For each of the build args types, the generator makes a code file that adds an implementation of Serialize
and the deserializing constructor. The implementation body is just a list of calls to the appropriate methods on BuildArgsWriter
(or BuildArgsReader
, when deserializing).
Certain things like Nullable
, nullable reference types, and arrays (which must be immutable) are handled by generating code which just unwraps that layer of the type before writing (or reading) the inner value. There's special handling as well for enums.
The final most-unwrapped value is then written by calling the BuildArgsWriter.WriteValue
method, which is overloaded only for the root set of allowable types.
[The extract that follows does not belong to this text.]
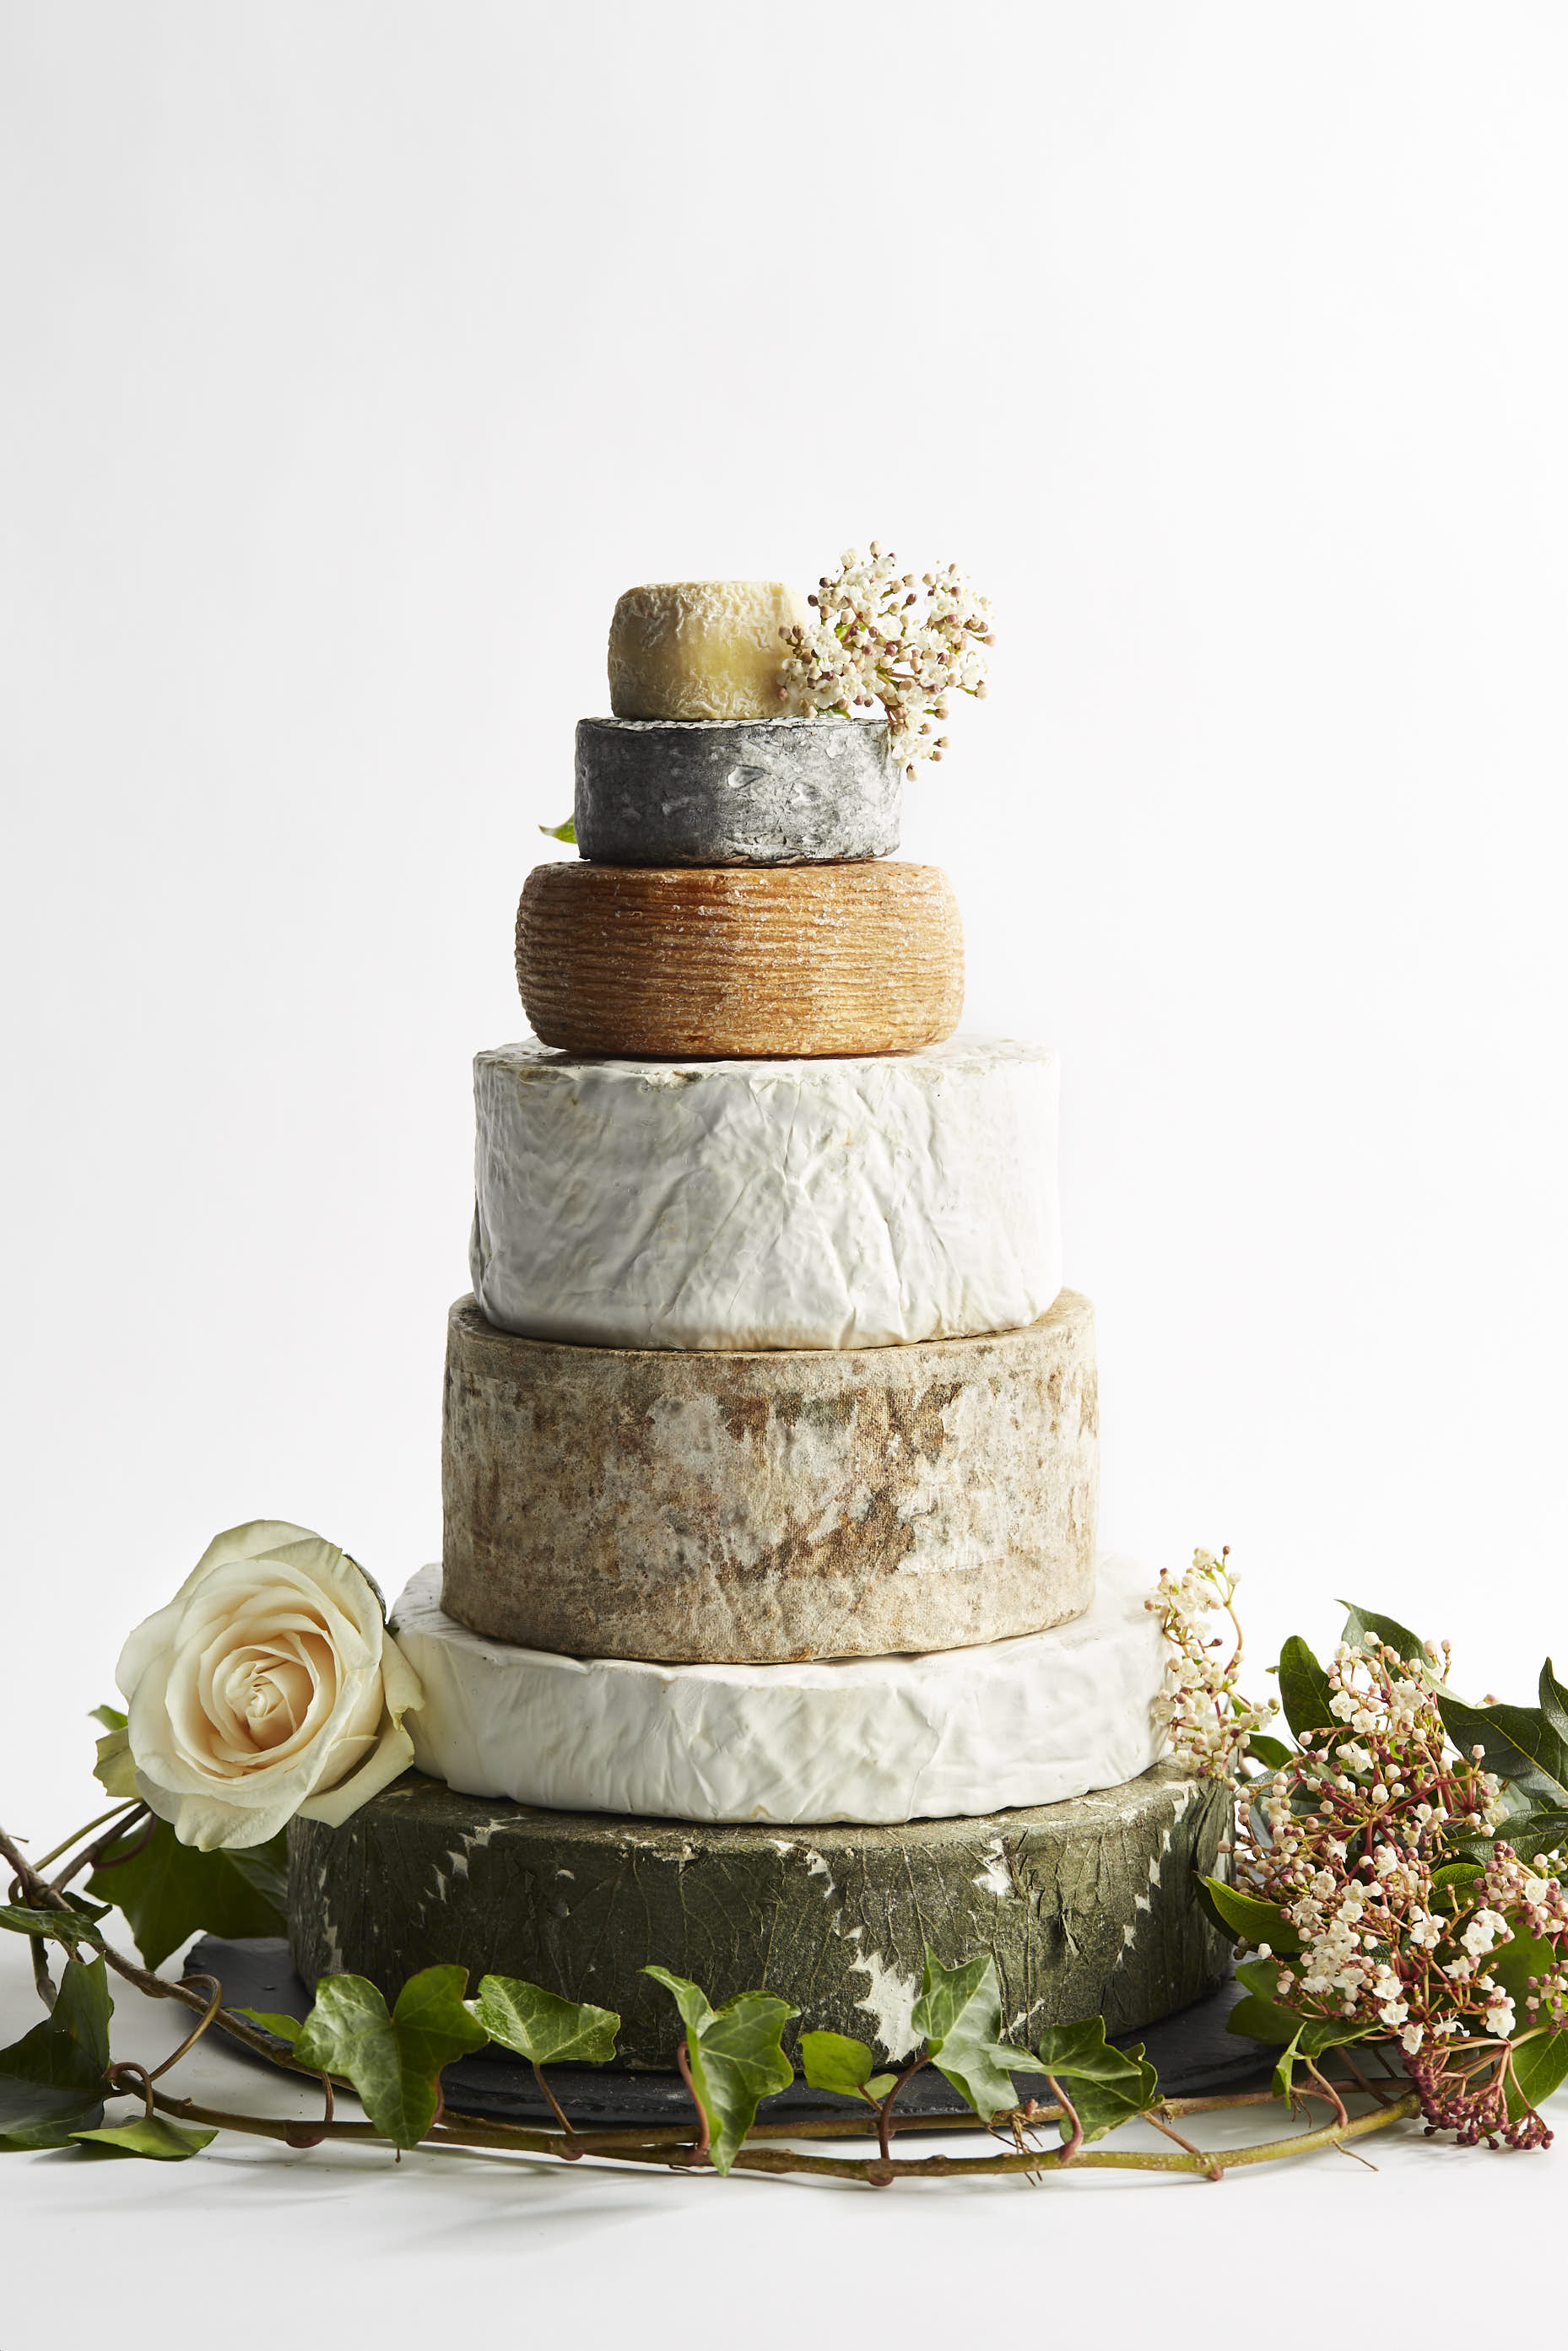 Citadel Cheese Wedding Cake - Formaggi OcelloFormaggi Ocello

That includes anoverload for types derived from SerializableArgsRecord
, which allows for recursive nesting of these types.
And care has to be taken to avoid collisions among the names of temporary variables.
But ultimatey, whatever code is generated and however it is structured, it's injected into the compilation with context.AddSource
, and then the compiler does its magic after that.
Using the plugin
Two things are required to use the plugin.
The first is a reference in the project file for whatever's going to be using it. This could be a PackageReference
to a NuGet package that contains the plugin. Or, it can just be a ProjectReference
if they're both in the same solution:
<ProjectReference Include="..\BuildContent.CSharpCompilerPlugin\BuildContent.CSharpCompilerPlugin.csproj" PrivateAssets="all" ReferenceOutputAssembly="false" OutputItemType="Analyzer" />
The second is some code that matches the criteria which triggers the code generator's logic:
public partial record PackFile : BuildArgs
{
public string Prefix { get; init; } = "";
public ImmutableValueList<PackFileExport> Exports { get; init; }
public Compression.Codec? CompressionCodec { get; init; } = Compression.Codec.Lz4;
//snip
}
And that's all it takes to get automagic rule enforcement and generated code to handle serialization, deserialization, etc.